> Directions: Retype exactly every line from the one that includes "Riddle: I'm a" through the final line of the listing, both ends kept, and omit the pictures.

> Data block:

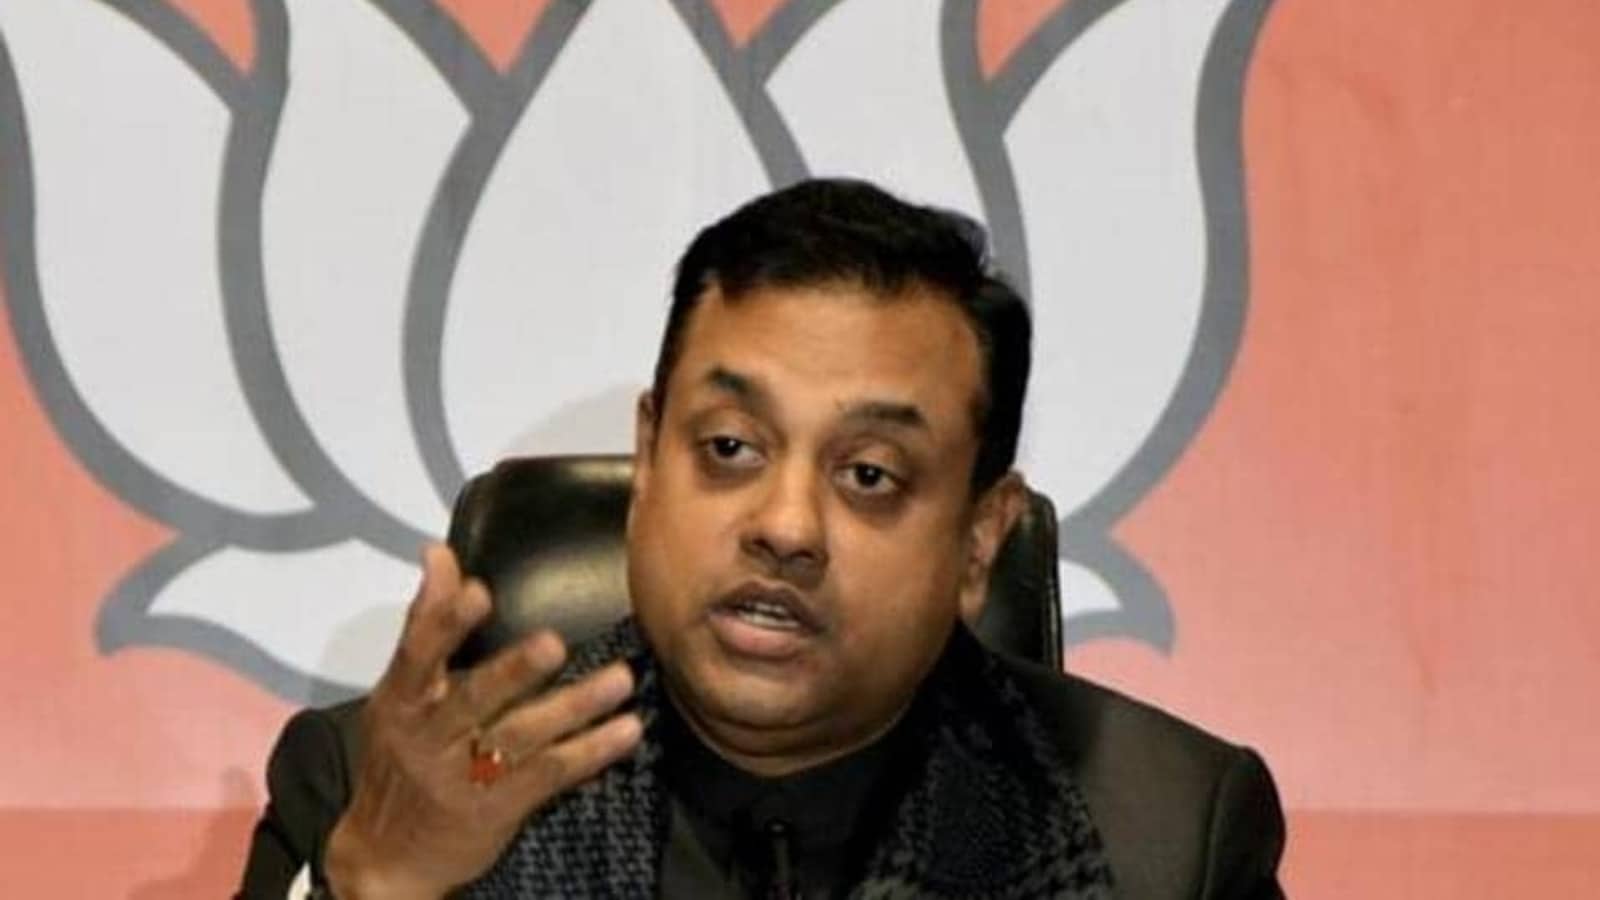 On Covd toll, BJP’s Sambit Patra says WHO data and Cong ‘beta’ are both wrong
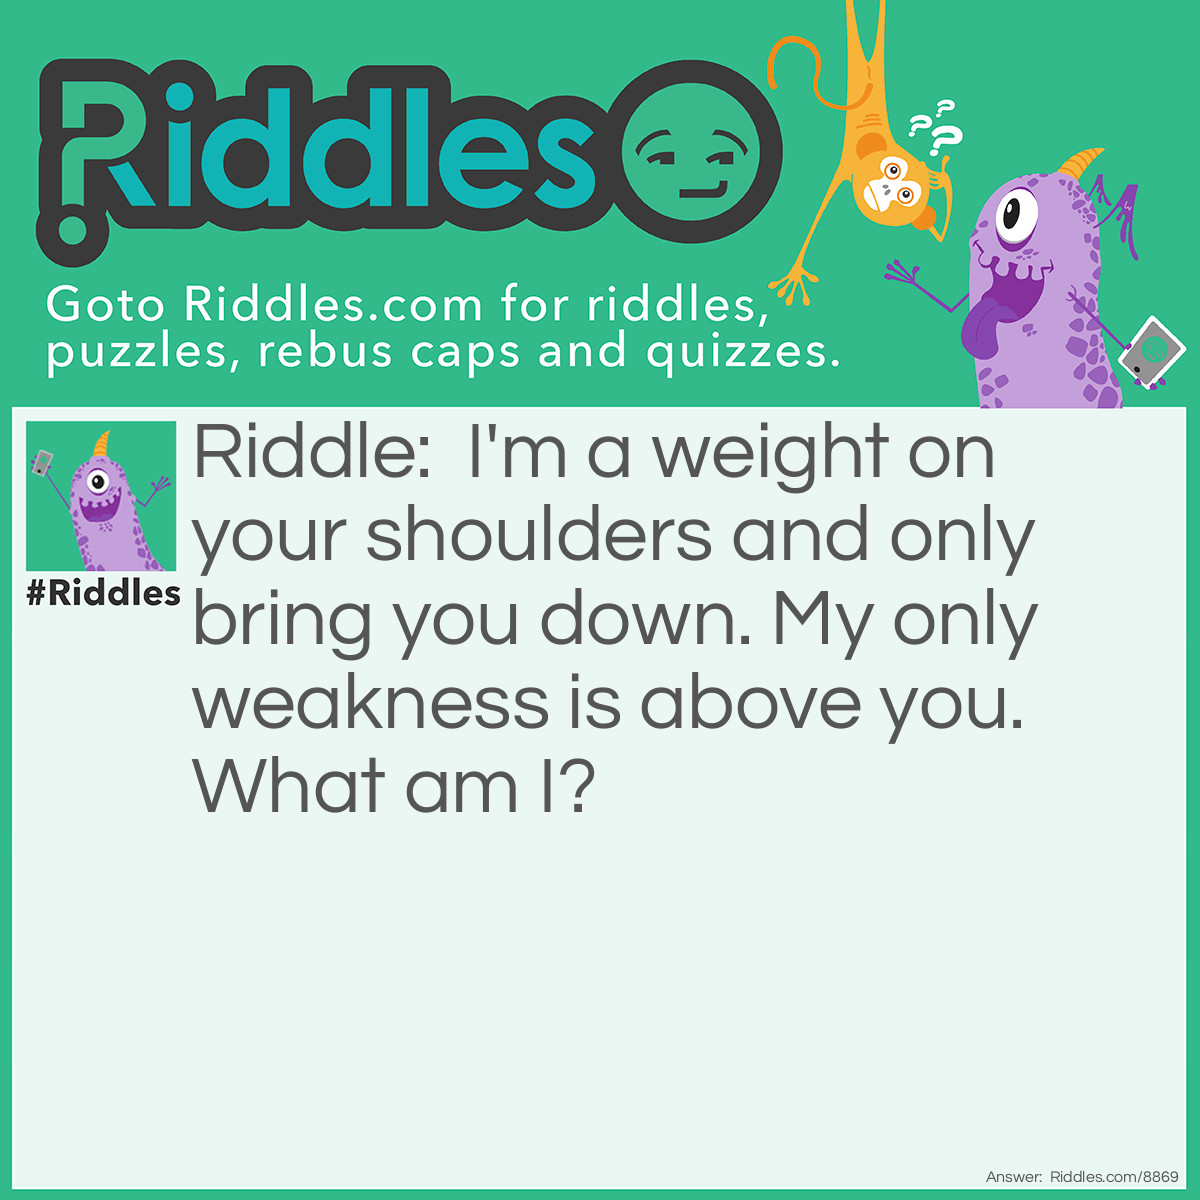 Riddle: I'm a weight on your shoulders and only bring you down. My only weakness is above you. What am I? Answer: Gravity.
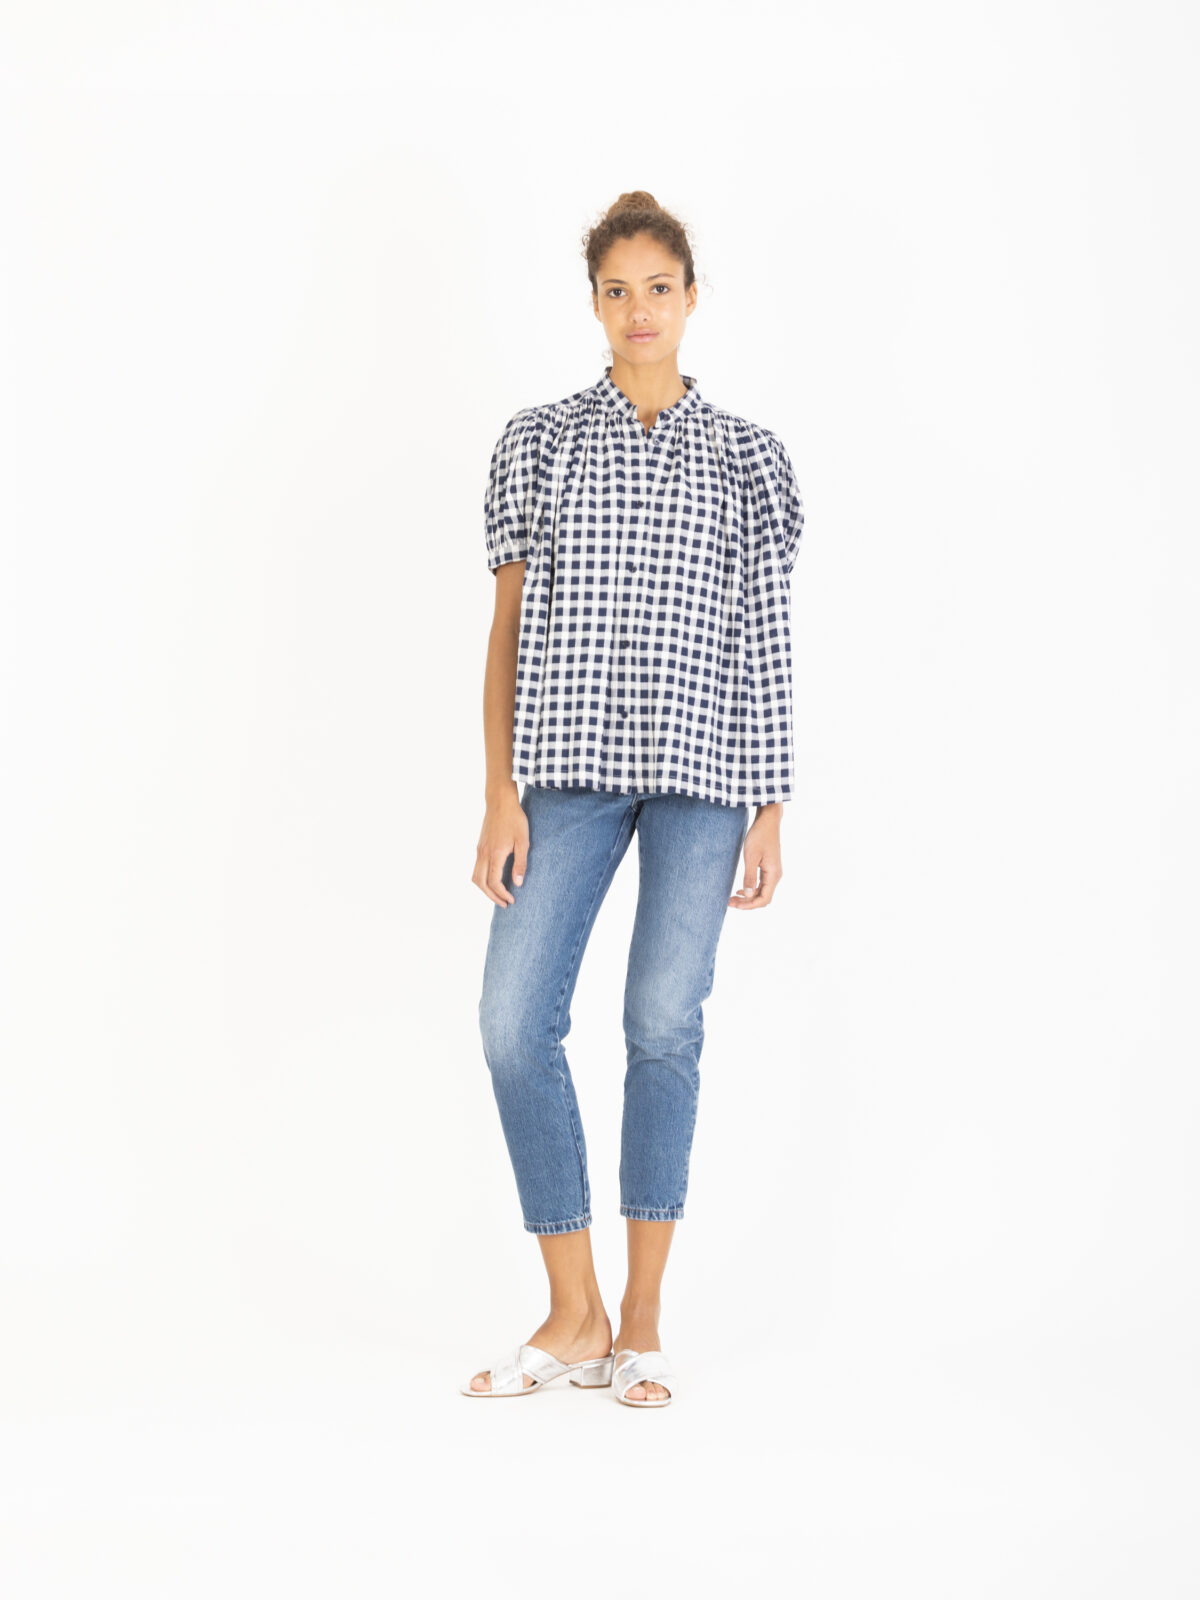 ajmer-shirt-checked-cotton-short-sleeves-pleats-band-collar-laurence-bras-matchboxathens
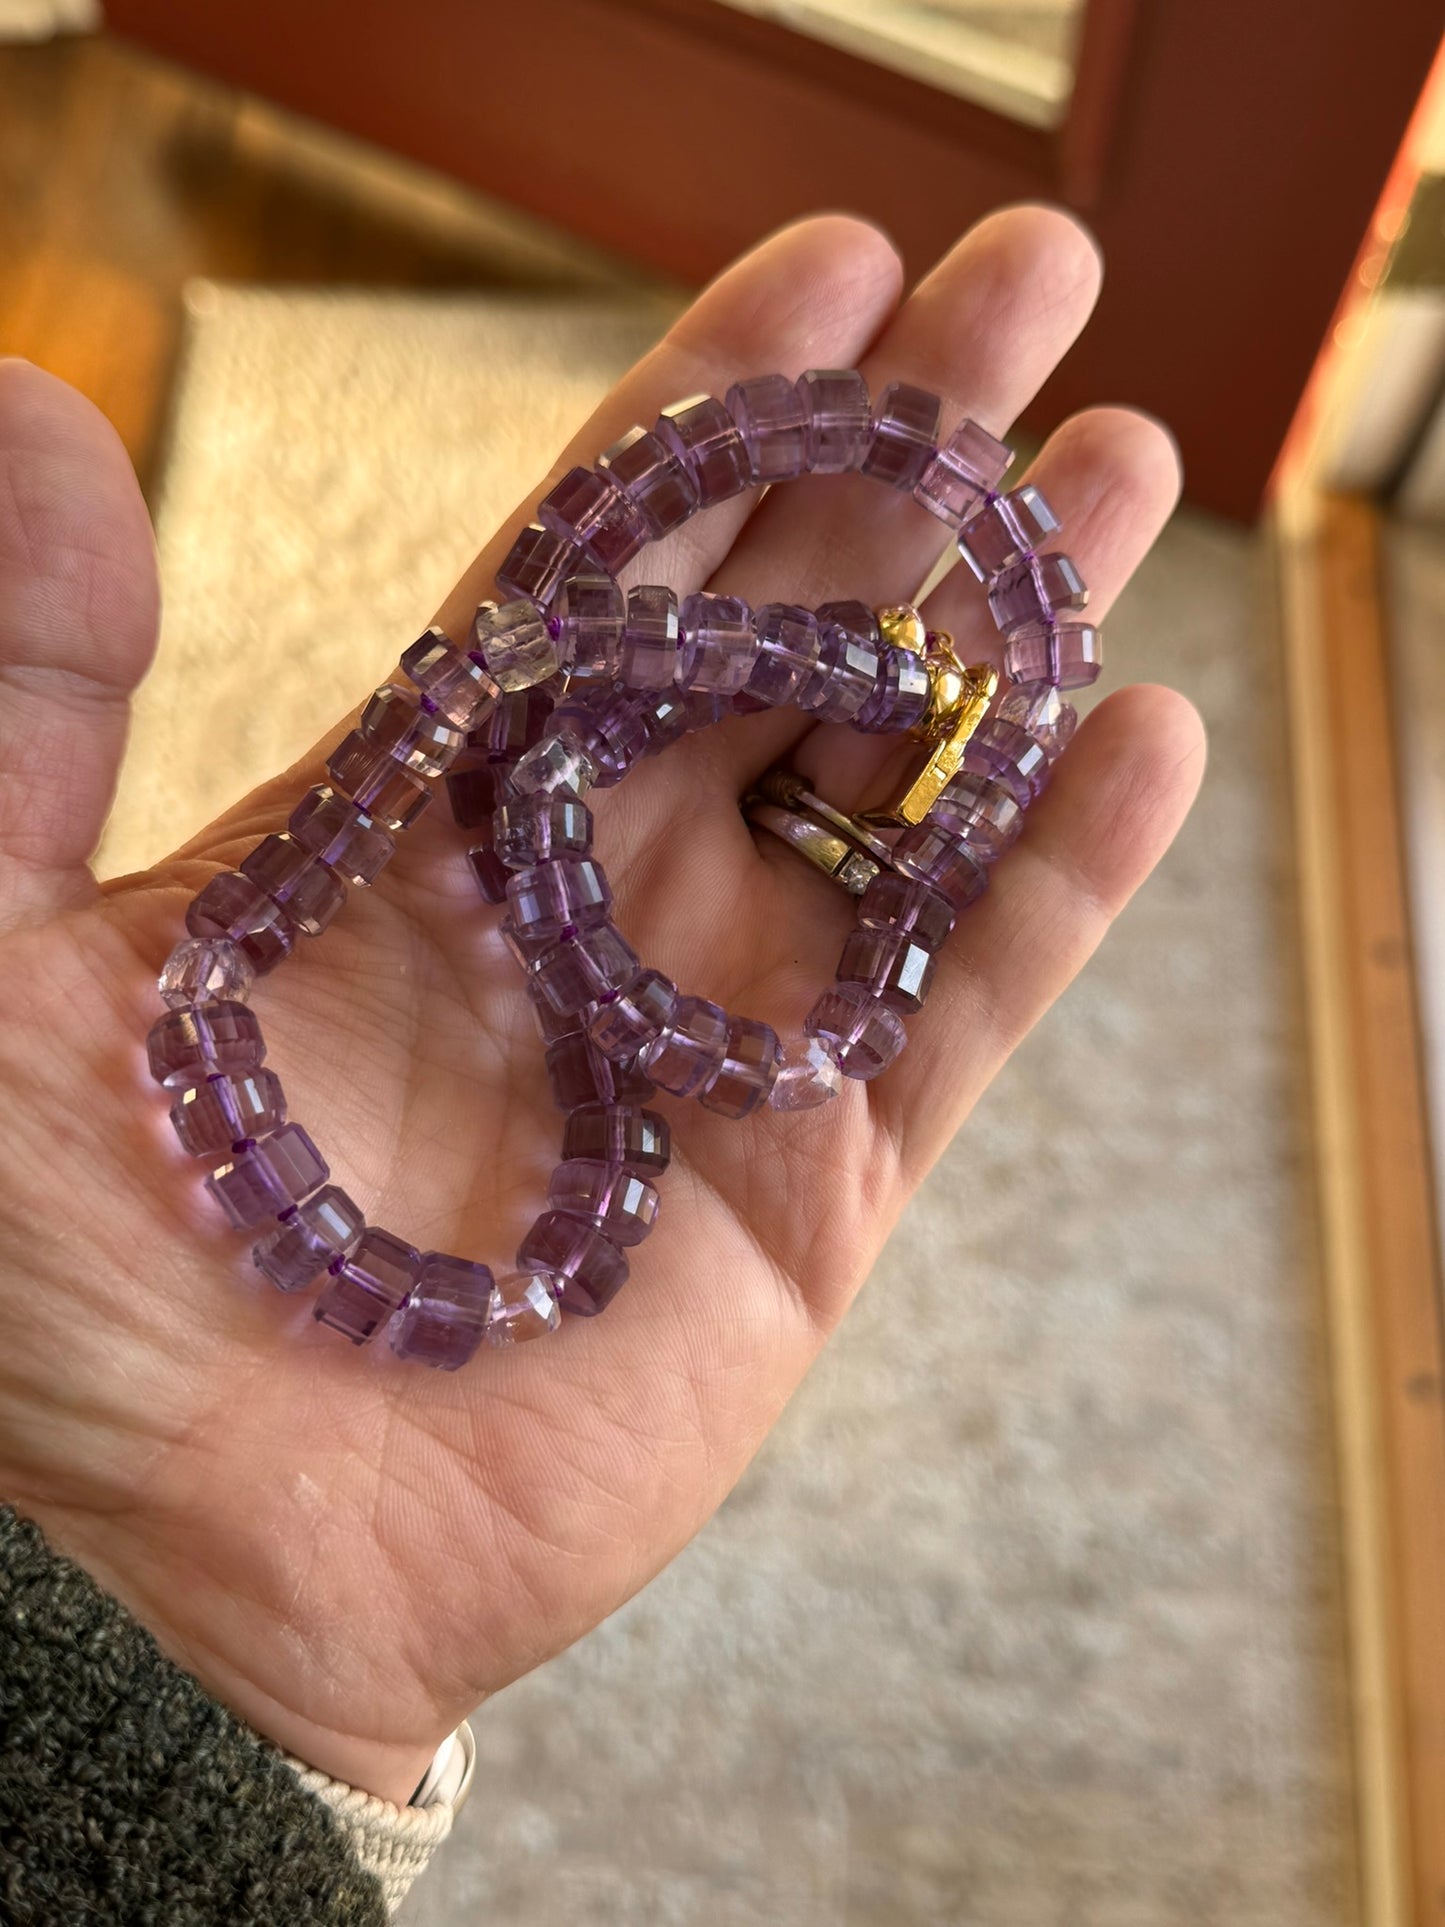 Amethyst hand-knotted necklace

> Response area:
 Riddle: I'm a weight on your shoulders and only bring you down. My only weakness is above you. What am I? Answer: Gravity.
 ajmer-shirt-checked-cotton-short-sleeves-pleats-band-collar-laurence-bras-matchboxathens
 Amethyst hand-knotted necklace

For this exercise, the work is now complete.